Alastair Campbell: ‘Brexit is casting a dark shadow over everything’
Tony Blair’s former spin doctor is this week’s guest on the Róisín Meets podcast
“The government at Westminster is utterly, totally, taken up with Brexit. That’s where the really dark shadow is coming from,” says Alastair Campbell, reflecting on the year-long political stalemate in Northern Ireland.
“It’s casting a shadow over everything,” he tells Róisín Ingle, on the latest Róisín Meets podcast.
Tony Blair’s former director of communications says the situation regarding Northern Ireland and the threat to the peace process is becoming “more and more alarming”, citing comments made by the Labour MP Kate Hoey this week, in which she claimed that the Good Friday Agreement had nothing to do with Brexit.
The suggestion that the agreement has “effectively had its day” is worrying, he says, and threatens to overshadow its 20th anniversary on April 10th.

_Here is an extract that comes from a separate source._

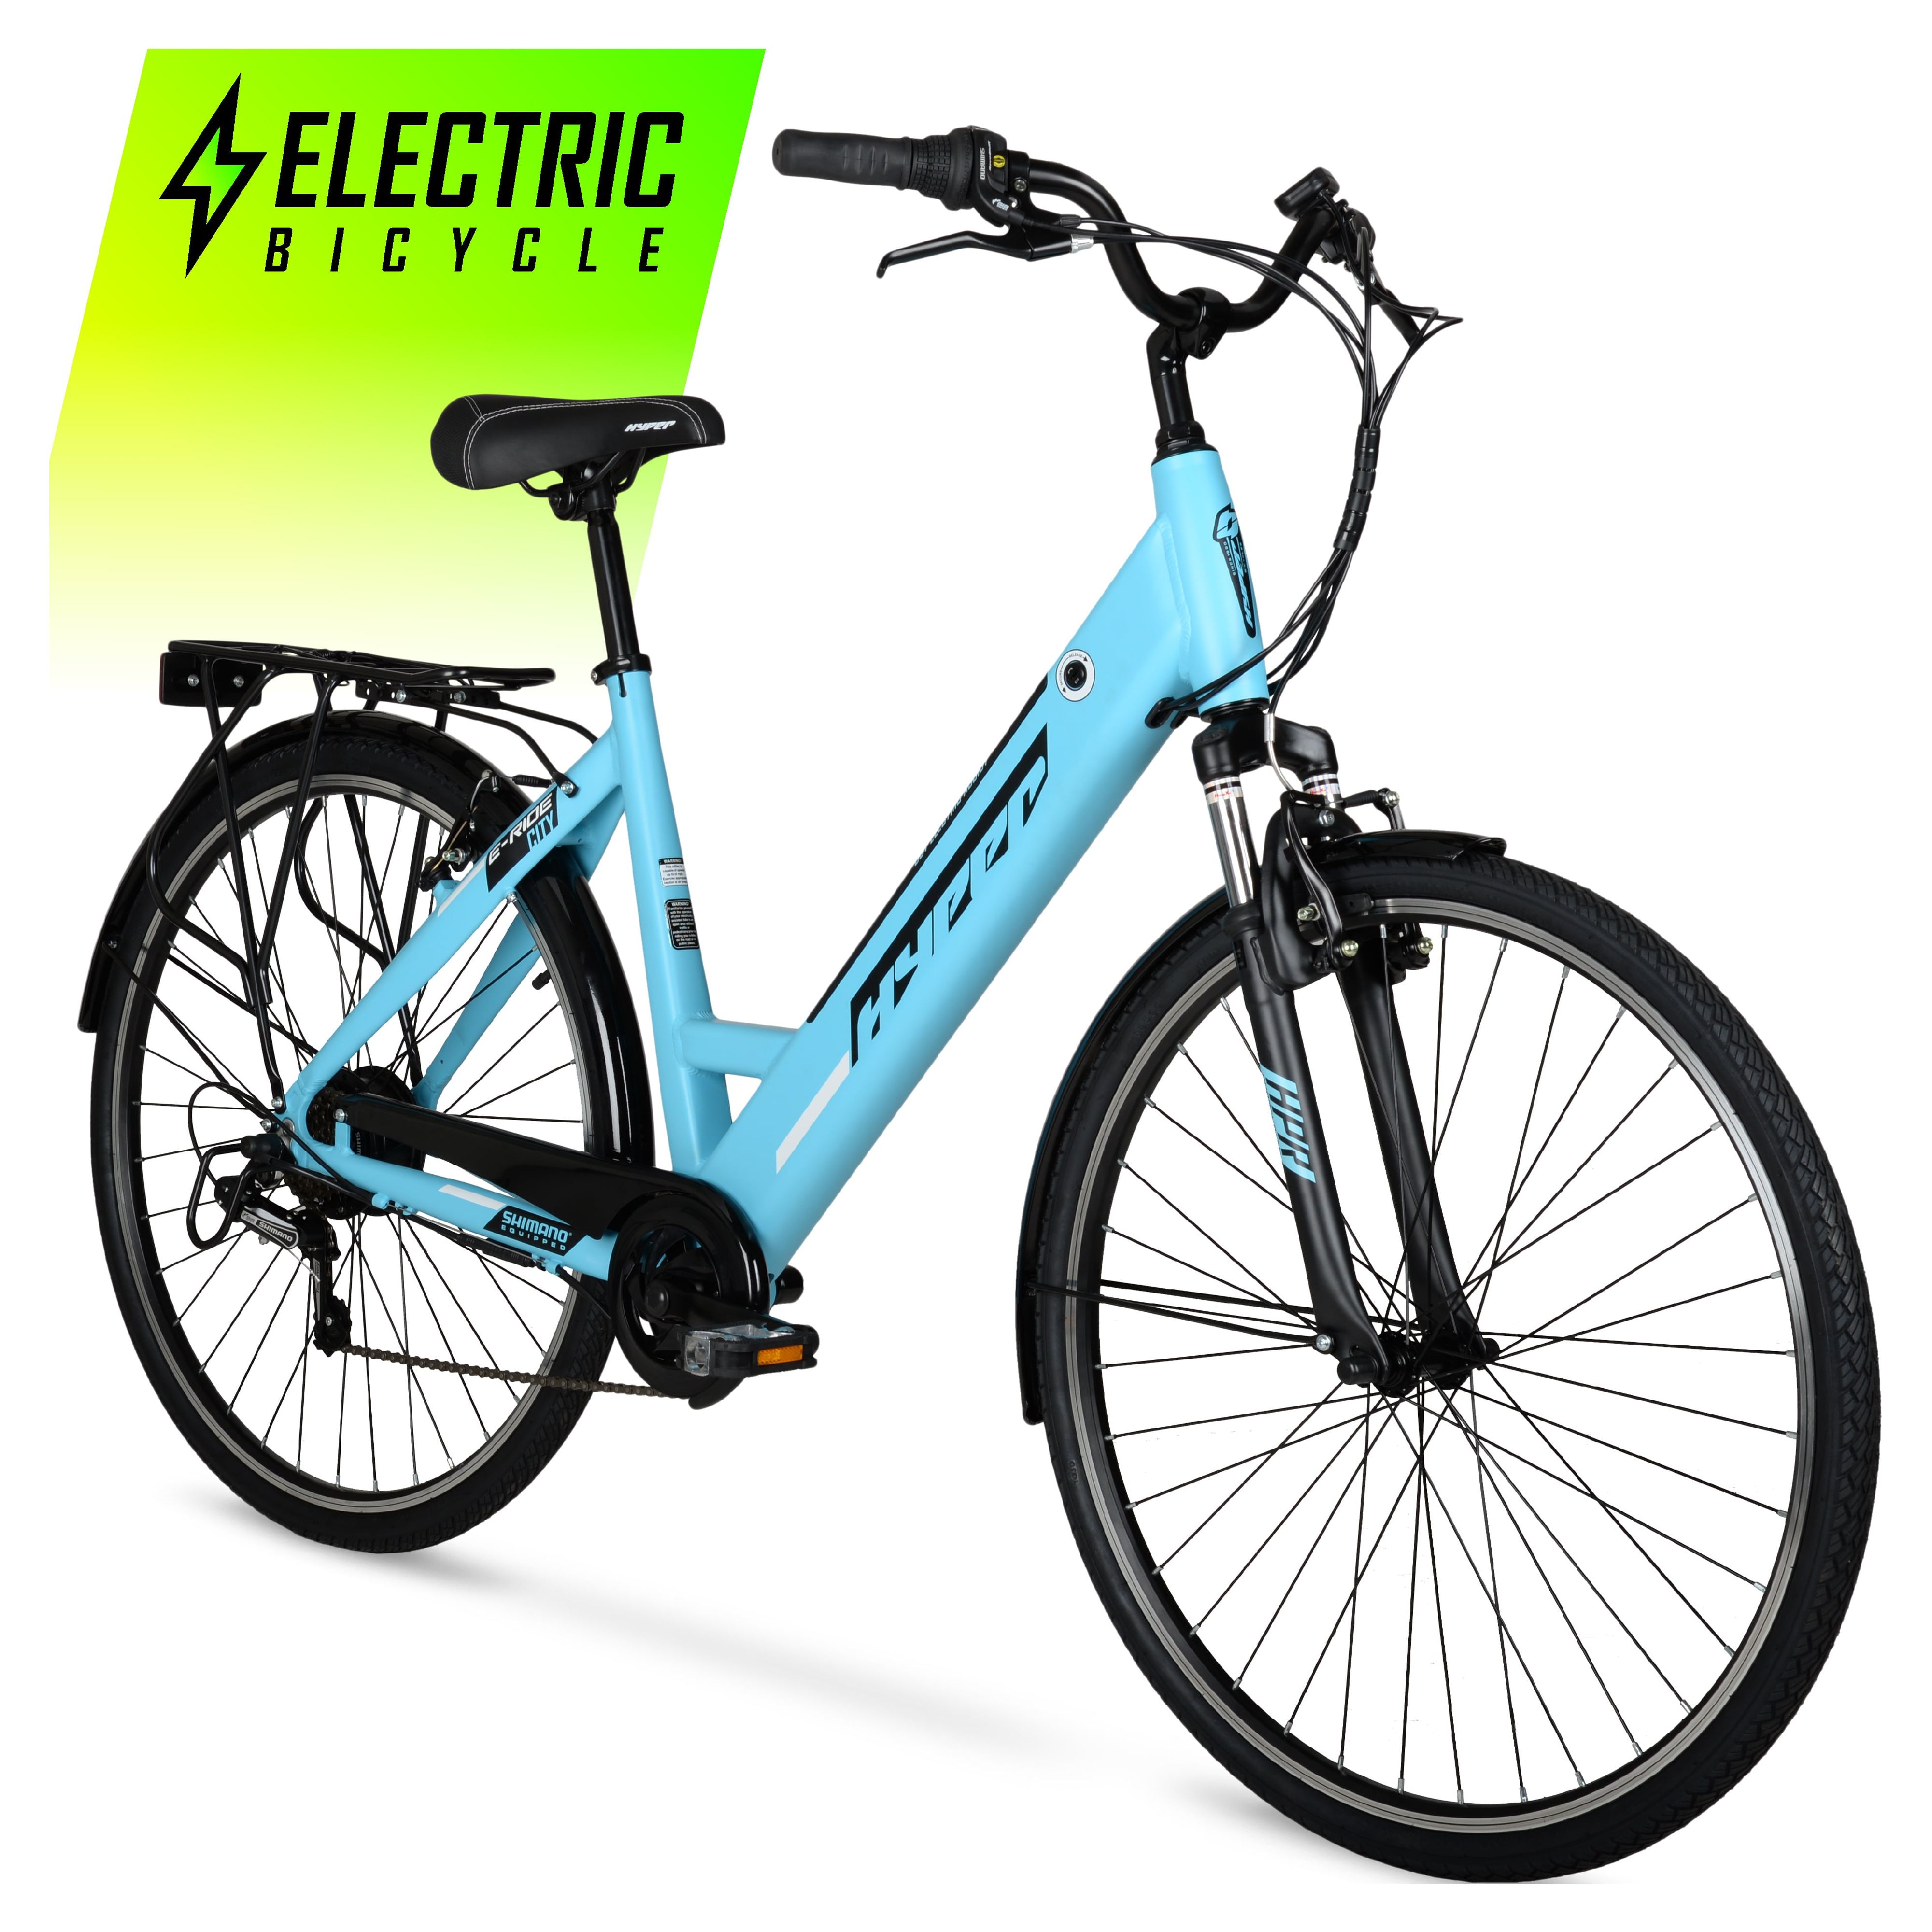 Hyper Bicycles E-Ride 700C 36V Electric Commuter E-Bike for Adults, Pedal-Assist, 250W Motor, Blue - image 3 of 18

Mr Campbell is also baffled by the media attention given to the Tory MP Jacob Rees-Mogg in the Brexit debate, warning that while he seems “ridiculous and unreal,” his political views are “very, very dangerous.”
“I think we have to be very careful about what we want from our politicians.
“How did Boris Johnson become London Mayor? Well, people said: ‘I think he’s a bit of a clown, but he makes me laugh.’ Well now he’s the foreign secretary,” he says.
Mr Campbell was on the podcast to discuss his latest book Saturday, Bloody Saturday, a novel blending football with terrorism, which he co-wrote with former Burnley FC footballer Paul Fletcher.
To ensure the actions of the IRA characters in the book were believable, Mr Campbell sought out the late Martin McGuinness’s advice.
“I just wanted him to read it and tell me if there was anything absolutely ridiculous in it,” he says.
On the legacy of his old boss Tony Blair, Mr Campbell says history will look more favourably on the former British prime minister, but he does feel sad that he comes in for harsh criticism for his role in the Iraq war.
“I think he’d prefer if people didn’t hate him, those that do. I don’t mind being hated by some people. I don’t want to be liked by the Daily Mail,” he says.
Something else he does not mind either, is the comparison frequently drawn between himself and the Malcolm Tucker character of Armando Iannucci’s TV show The Thick of It.
“I think it’s a huge honour,” he laughs.
“I think there’s a bit of me in there, there’s a bit of Peter Mandelson, there’s a bit of invention. There’s a bit of this, a bit of that, but I think it’s very good satire and the reason it’s good is that there’s a grain of truth in there.”
Also on the podcast, Mr Campbell says he is “broadly supportive” of the MeToo movement, “not least because if I wasn’t my daughter would give me hell.”
He says he rejects claims that the movement has gone too far, or that it could stop people from having normal relationships.
“If I think about attitudes to women and to ethnic minorities, to gays and to disabled people as well I have to say, back in the days when I was a young journalist, it was terrible on every level.
“I think there’s been massive progress, but unless you keep pushing at it, there’s a danger you slip back.”